Bankrupt SemGroup LP Lays Off 110 Tulsa Workers, 250 Nationwide

August 13, 2008

By Jerry Shottenkirk

SemGroup LP laid off 110 workers Monday in Tulsa, 250 nationwide, the bankrupt company confirmed.

Spokeswoman Brenda Adrian said the layoffs are effective immediately.

“They were informed in individual meetings,” Adrian said of how workers were told of the layoffs.

Adrian said SemGroup must obtain approval of severance-package offerings from the Delaware Bankruptcy Court. She said approval would be requested on Aug. 18.

“It’s a two-week severance and one-month outplacement assistance,” she said.

Adrian had no information on how much the company hopes to save through the 250-worker layoff.

Before the layoffs, SemGroup had about 2,000 total workers, about 400 in Tulsa.

Adrian said company officials have not revealed any information about future layoffs.

Citing $2.4 billion in oil-future trading losses, SemGroup filed for Chapter 11 bankruptcy reorganization on July 22.

Last week, it received court approval for $150 million in financing to maintain operations.

SemGroup plans to sell off all of its assets as part of the bankruptcy proceeding.

Also on Monday, several companies that released quarterly financial figures outlined the potential impact of the SemGroup bankruptcy on their balance sheets.

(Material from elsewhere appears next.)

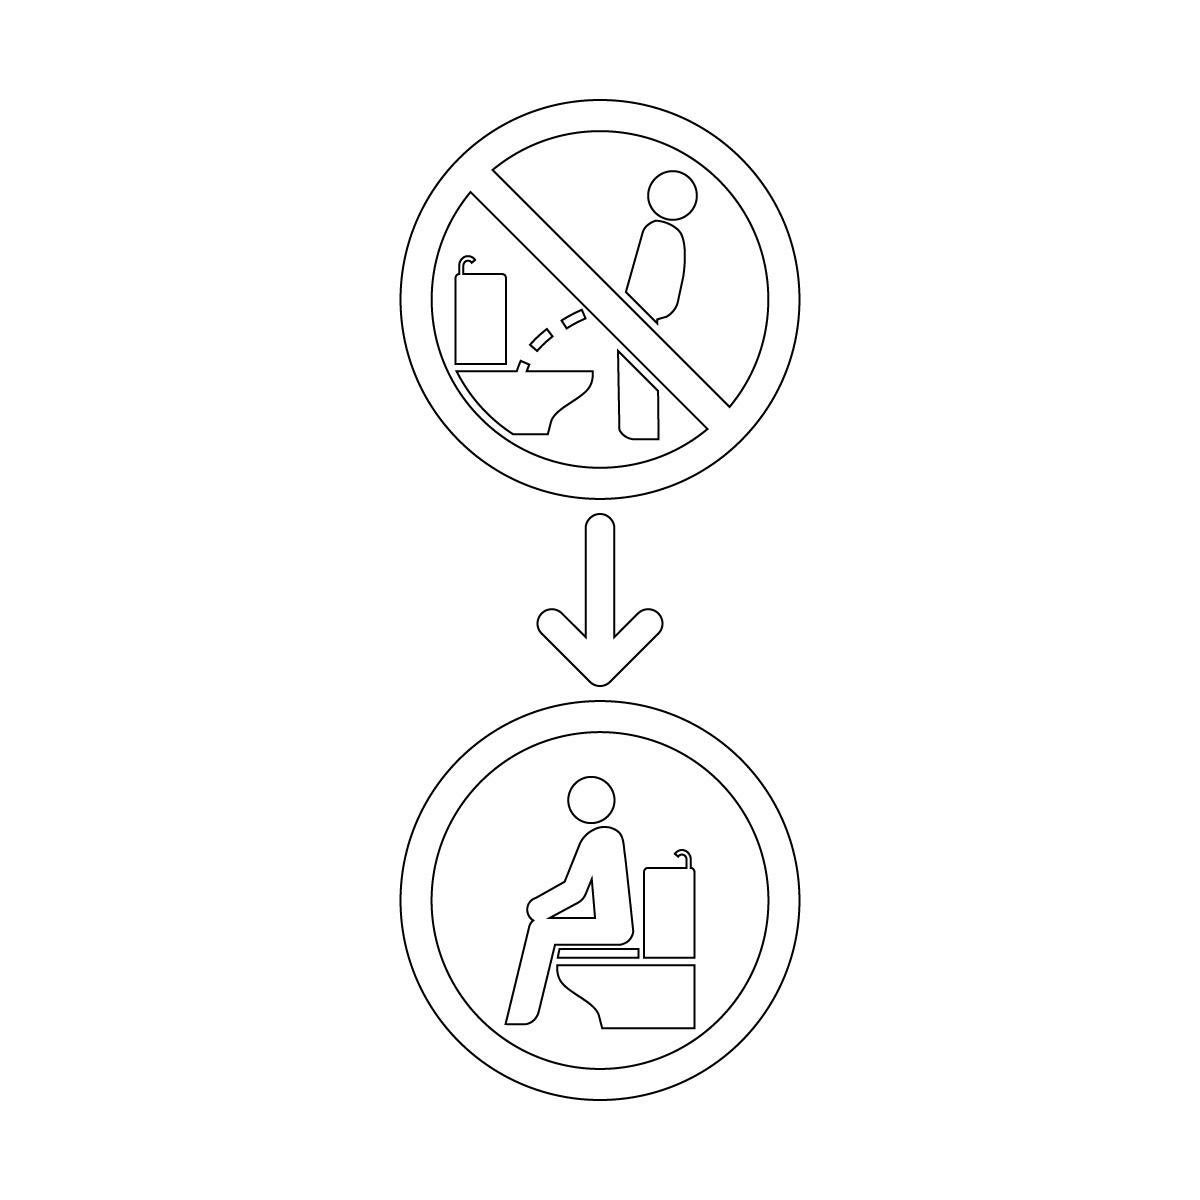 白色の洋式トイレに座って使用をお願いするカッティングステッカー・シール

Canada-based Crescent Point Energy Trust reported a net loss for the second quarter of (Can.)$353.7 million or $2.83 per share, compared with $117.8 million or $1.17 per share during the same period last year.

Crescent Point reported $142.9 million or $1.13 per share in funds from operations, compared with $78.25 million or 77 cents per share a year ago.

The Canadian energy company also said that its exposure in the SemGroup bankruptcy, listed as $42.5 million based on SemGroup’s forecasts of prices and production volumes, is closer to $30 million based on Crescent Point’s most recent estimates.

Crescent Point said it is not able to quantify at this point the portion, if any, of the exposure that will be collected.

Hawaii-based Barnwell Industries posted quarterly net earnings of $3.53 million or 42 cents per share, compared with $740,000 or 9 cents per share in the same period last year.

It reported quarterly revenues of $20.35 million, up from $11.81 million during the same quarter last year.

Barnwell reported a $608,000 bad debt reserve against oil and natural gas receivables due to the SemGroup bankruptcy.

Barnwell said it terminated its sales contract with SemGroup’s Canadian subsidiary and currently estimates its financial exposure for July oil and natural gas sales processed by SemGroup at about $550,000.

GeoResources, based in Houston, reported net income of $7.8 million or 50 cents per share, compared with a net loss of $1.3 million or 9 cents per share for the same period in 2007. The company said total revenue rose to $28.2 million for the quarter, compared with $8.3 million during the same period last year.

GeoResources said that a SemGroup subsidiary, SemCrude, accounted for a minor portion of its oil sales, estimating its maximum potential losses at about $100,000.